The Childhood Glaucoma Research Network (CGRN) was established by glaucoma specialists and paediatric ophthalmologists with an interest in glaucoma in 2011 to address these unmet needs and subsequently improve the care of children with glaucoma. Its initial focus was on defining and classifying glaucoma, which was recently adopted by the WGA consensus on childhood glaucoma.2 The CGRN hopes eventually to perform multicentre clinical trials to evaluate and compare present techniques and in doing so answer the many questions, which largely retrospective studies and experience currently attempt to inform. As a prelude to this an internet-based international registry of new childhood glaucoma patients, the International Pilot Survey of Childhood Glaucoma, has been established to ascertain existing clinical practice.
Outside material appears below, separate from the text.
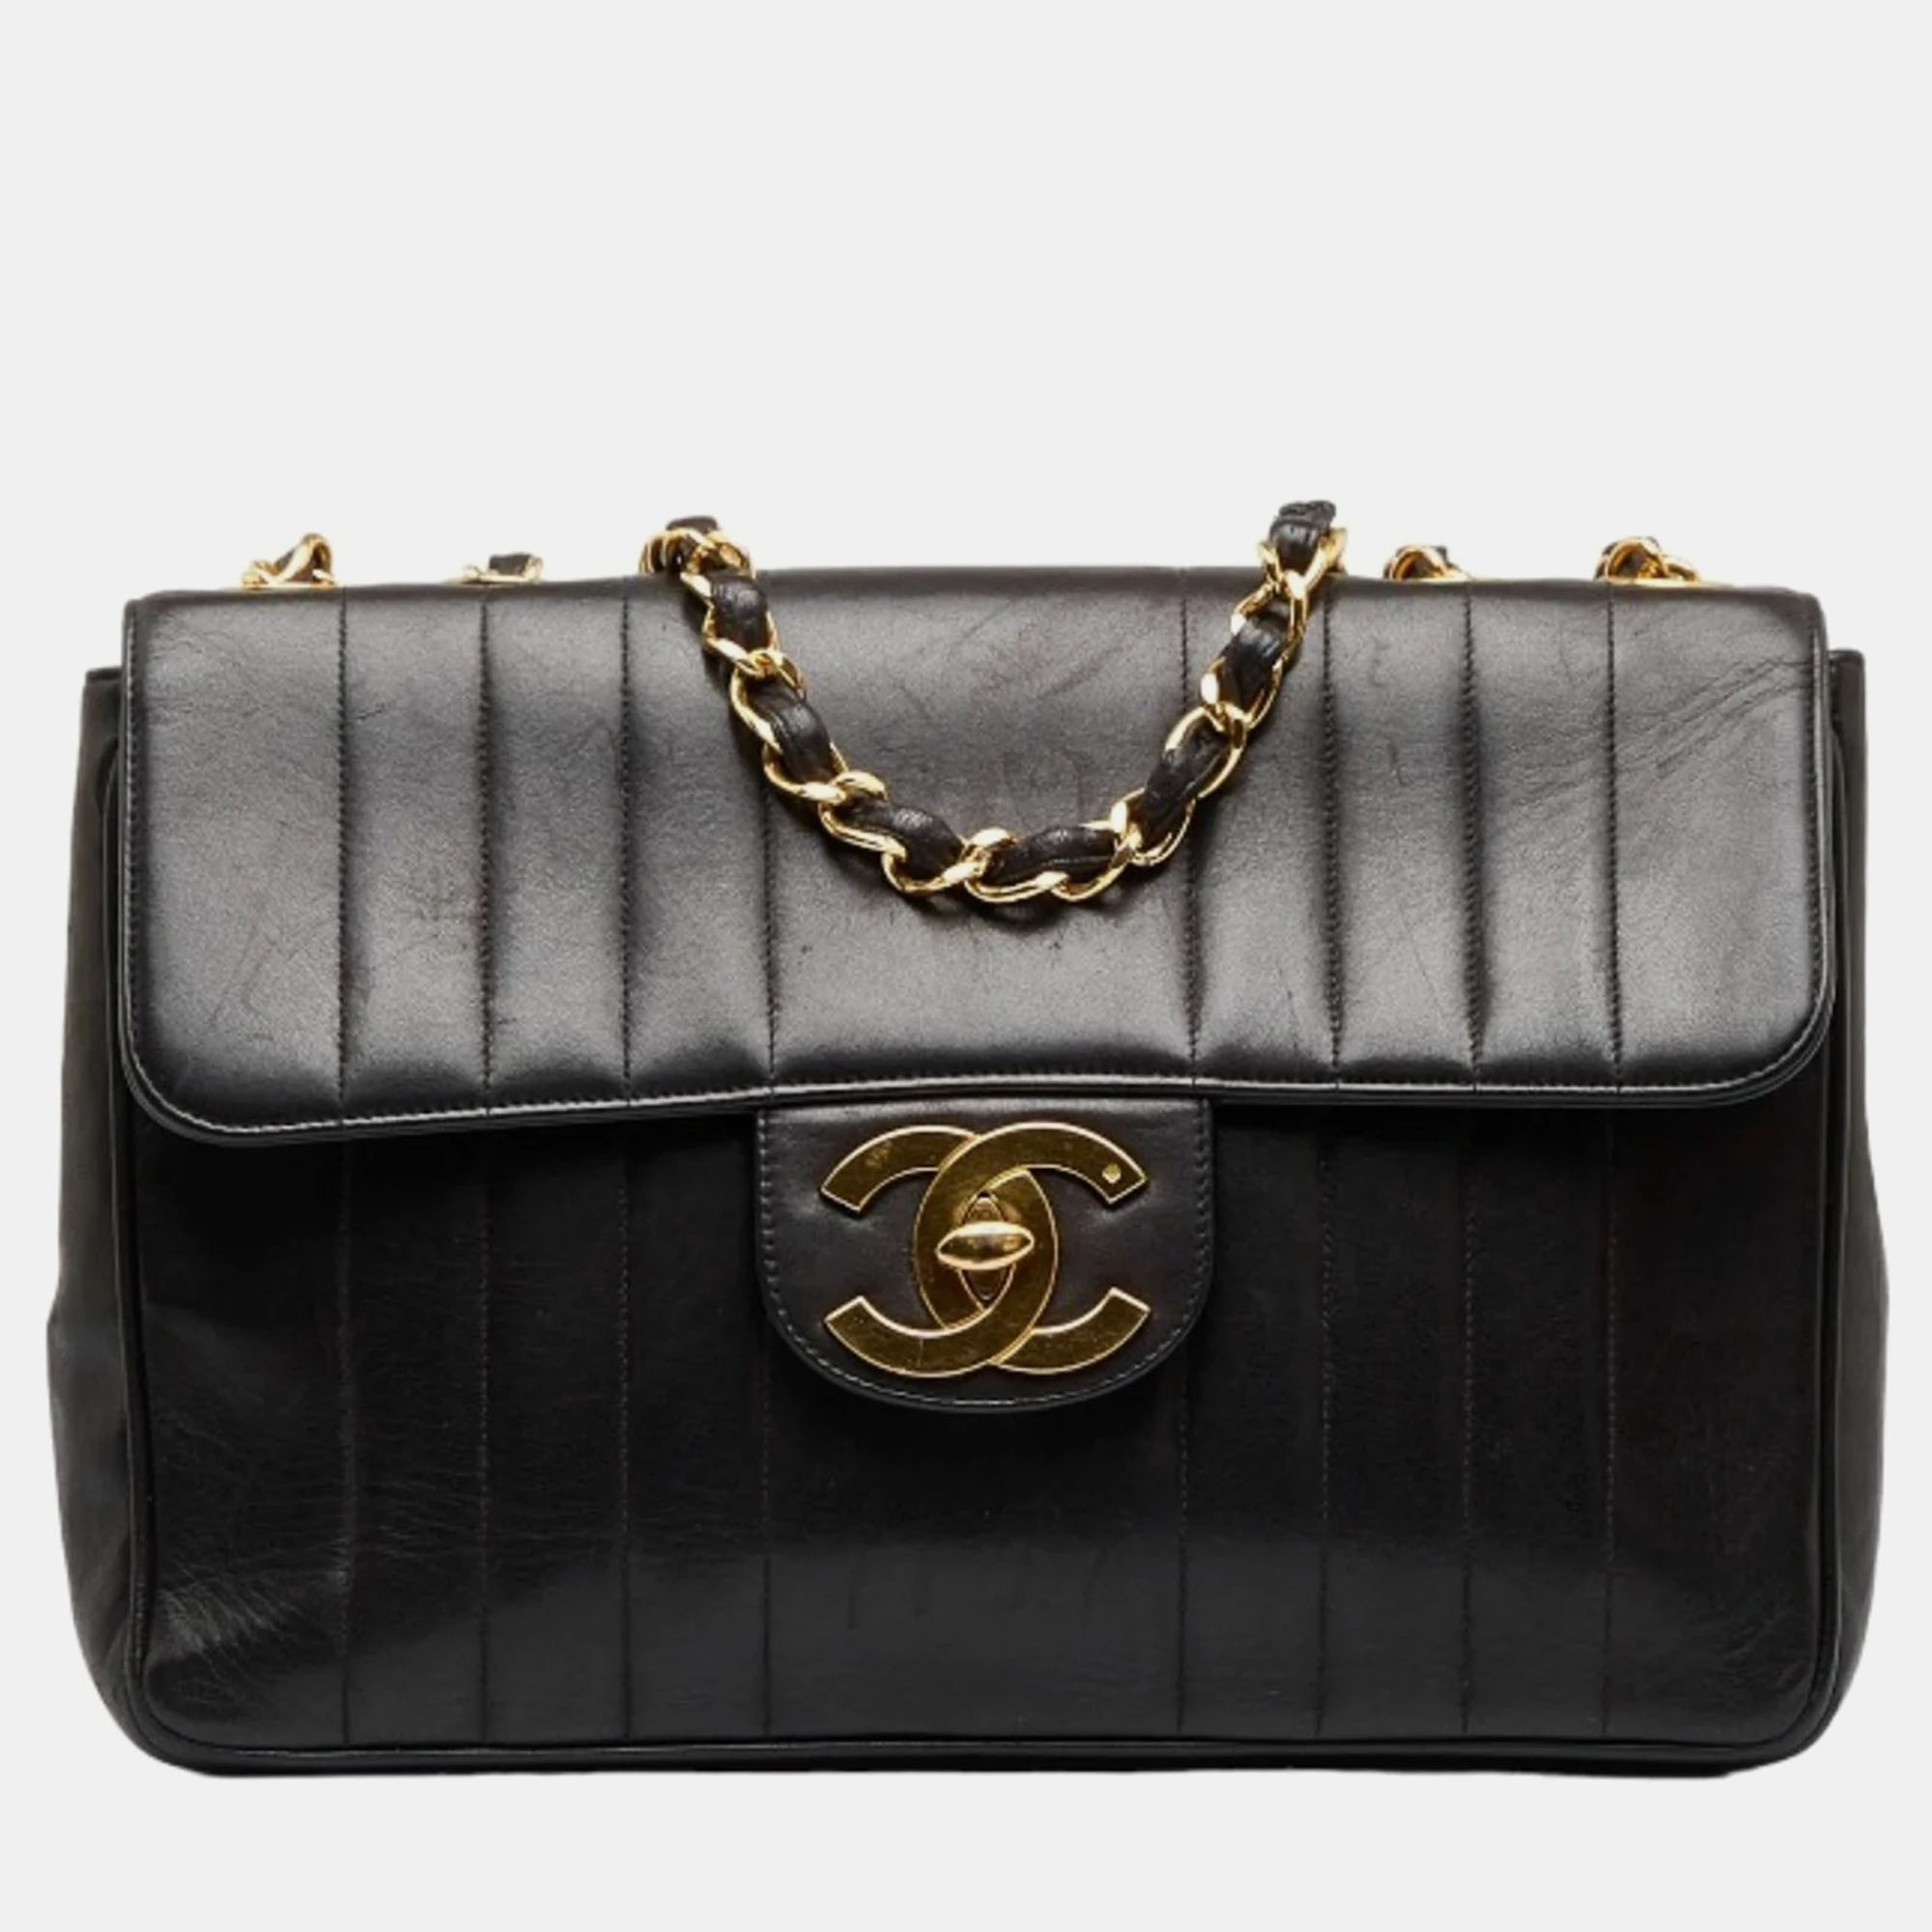 Chanel black vertical stitch lambskin leather jumbo single flap bag

A neglected field within childhood glaucoma is the study of the impact of the diagnosis and surgery on the child’s quality of life and that of the caregivers. Evidence is sparse but it suggests the impact of childhood glaucoma is significant throughout the child’s life both at home and school.137 Furthermore, the emotional and psychological burden of caregivers of patients with childhood glaucoma is thought to be considerable.138 Recognition of the importance of the measuring the impact of illness, disability, and treatment from the patient’s perspective has resulted in development and evaluation of Patient-Reported Outcome Measures and Patient-Reported Experience Measures for use within paediatric ophthalmology.139 However, there is a paucity of vision-specific instruments. Hopefully, the fact that patient-led assessment of the impact of disease has developed a high profile in health service planning and policy in some countries will result in more funding for this research.140

Conclusion

Childhood glaucoma is recognised to be one of the most challenging diseases in the field of glaucoma, and this is especially so for its surgical management because of the potential for failure and complications. Over the past 70 years, a number of operations have been introduced to manage childhood glaucoma, most of which have stood the test of time but others have still to prove themselves. Internationally, there is a diverse approach to childhood glaucoma that largely reflects the diverse nature of the conditions, which cause it, the challenges of controlling the disease and the absence of controlled trials to inform decision-making. The 21st century prognosis for childhood glaucoma has improved significantly since the days when angle surgery was first introduced but the challenge for those who look after these children still remains, as it always has, to increase surgical success rates and reduce complications, and thereby keep these children seeing for as long as possible.